State Farm to Lower Auto Insurance Rates in Louisiana

February 18, 2019

Beginning in April, Louisiana customers of State Farm Mutual Automobile Insurance Co. will see a decrease in their auto insurance rates, the insurance department announced.

The department reported that Insurance Commissioner Jim Donelon approved the third rate decrease filed by the company over the past nine months.

With the rate drop set to go into effect in April, more than one million policyholders in Louisiana will see a decrease of 3.2 percent. The two previous State Farm rate decreases that took effect within the past year are a 2.7 percent decrease for State Farm coverage on private passenger vehicles, effective in July 2018, and a 1.8 percent decrease that was effective in September 2018.
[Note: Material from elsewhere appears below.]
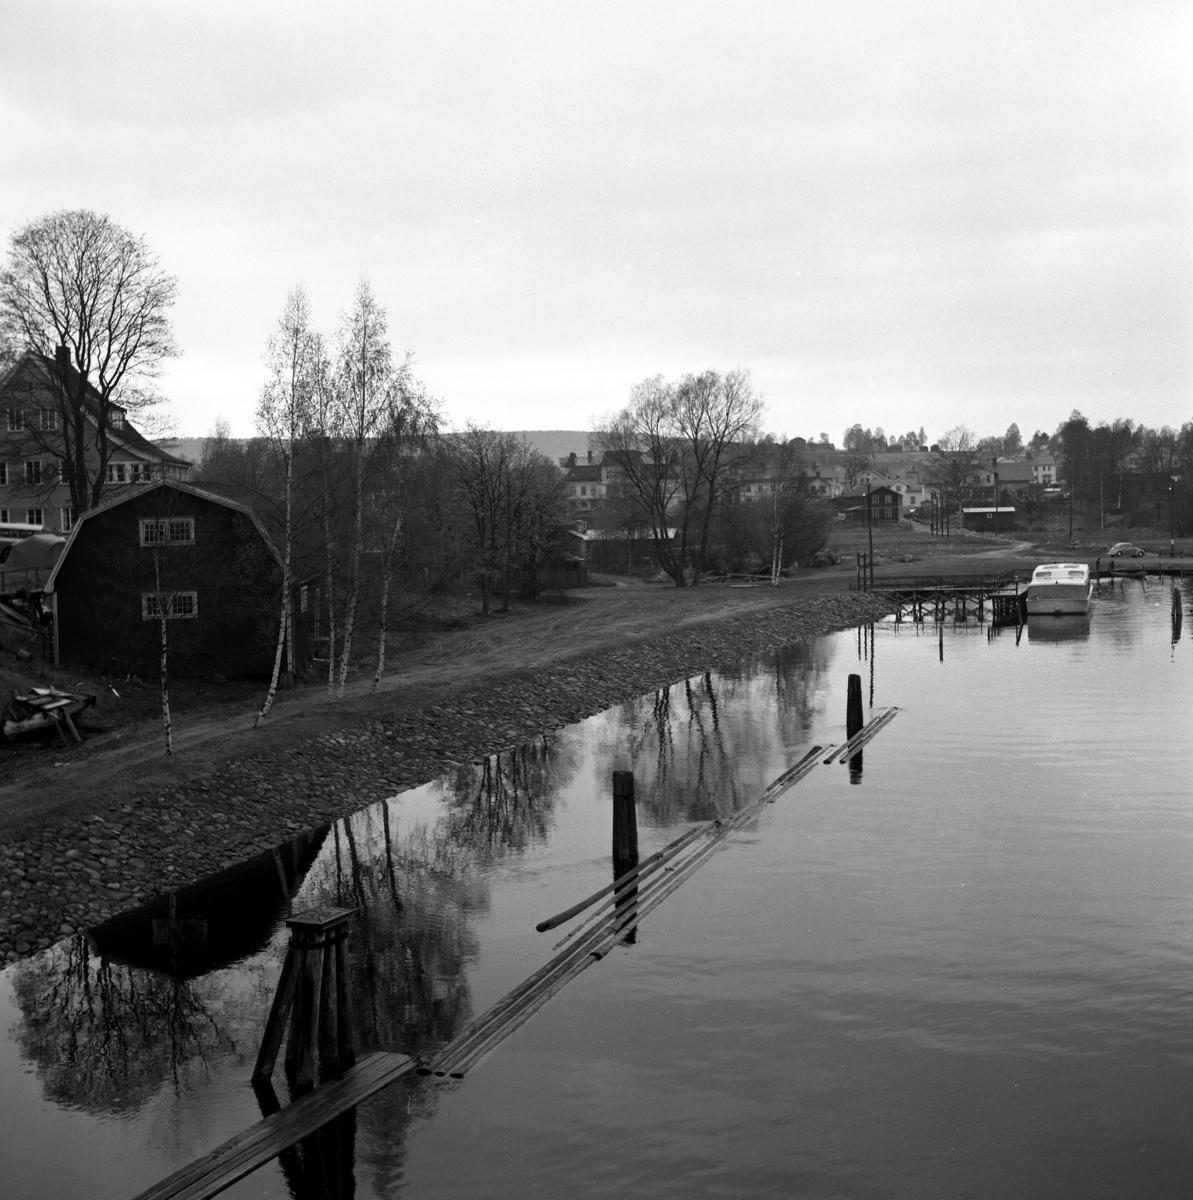 """Någonstans i Värmland - från slutet av 1950-talet. Kommentar från användare: """"Sunne med hotell Nilsson längst till vänster i bild."""""""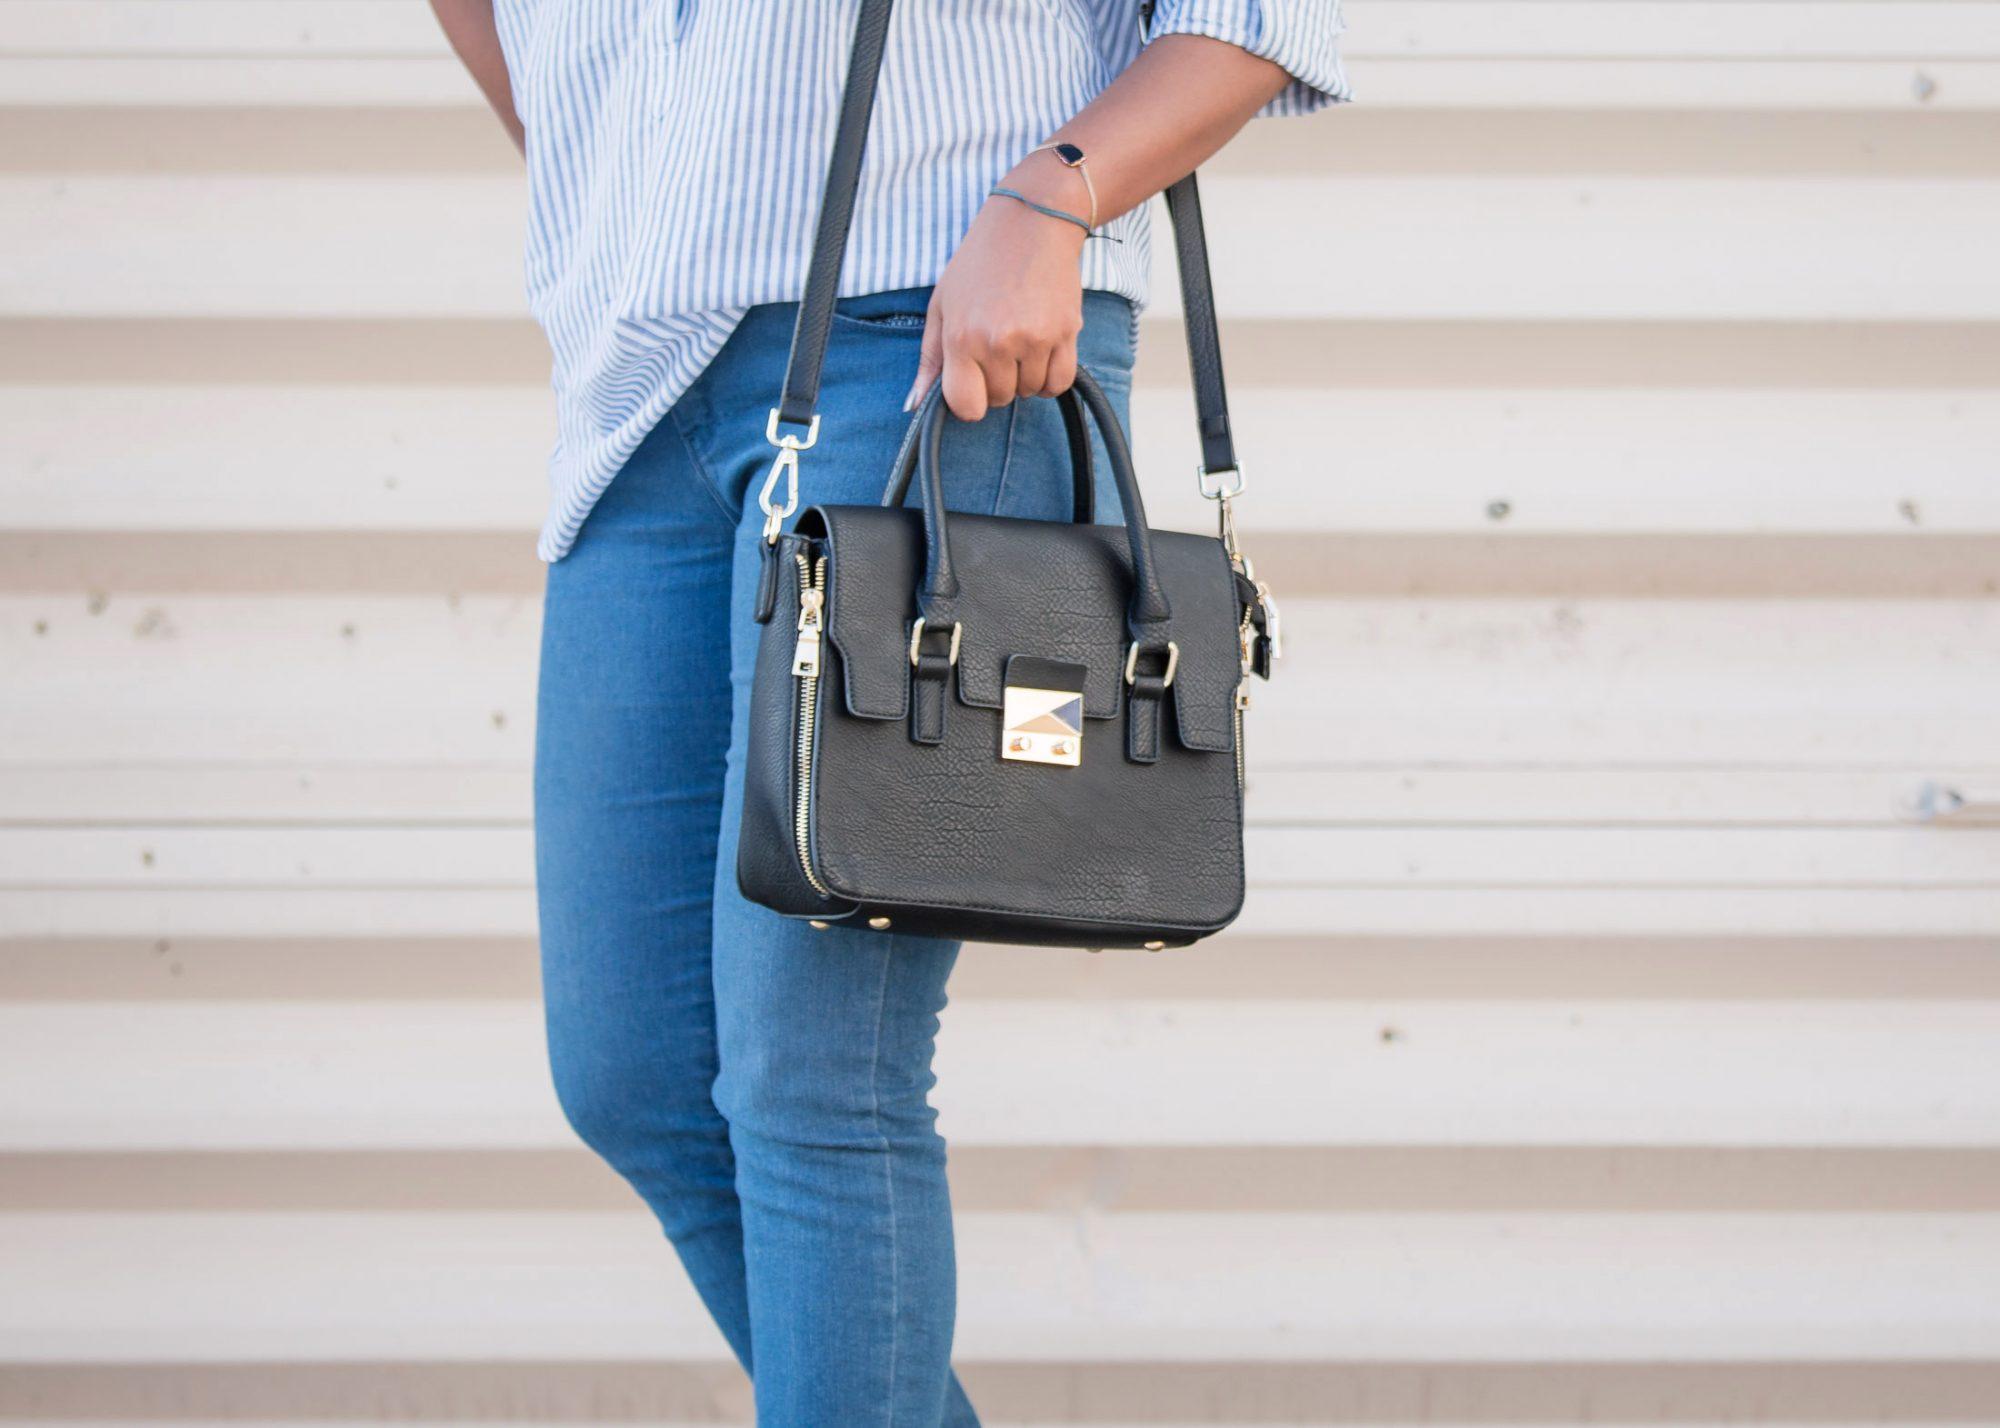 TJMAXX Maxxinista Satchel Handbag Fashion Blogger

Taken together, the total impact of State Farm’s recent rate changes is -7.7 percent, the department said.

“These decreases are directly attributable to competition in the auto insurance marketplace and again demonstrates that competition is truly the best protection for policyholders,” Donelon said in a departmental media release. He added that State Farm’s actions “will pressure other insurers to take similar steps.”

Louisiana has some of the high auto insurance rates in the U.S. Donelon has previously attributed rising rates in the state to more crashes and insurance claims, the greater expense of repairing vehicles that have newer, sophisticated technology, as well as high litigation rates related to auto accidents.

Louisiana’s rates are the highest among the South Central states. According to data from the National Association of Insurance Commissioners (NAIC), Louisiana in 2016 (the most recent year for which NAIC data is available) had an overall average auto insurance rate of $1,302, compared with $1,009 in Texas, $851 in Oklahoma and $772 in Arkansas. The national average expenditure per insured vehicle in 2016 was $936.

The average auto insurance rate has risen since then, according to the 2017-2018 Annual Report for the Louisiana Property and Casualty Insurance Commission (LPCIC). That report shows the average auto premium per vehicle in Louisiana had risen to $1,921, and that the New Orleans and Baton Rouge areas have the highest auto rates in the state.

In August 2018, Donelon formed the Louisiana High Auto Rates Task Force, with the aim of investigating the state’s auto insurance market and making recommendations to the Legislature for actions to lower rates.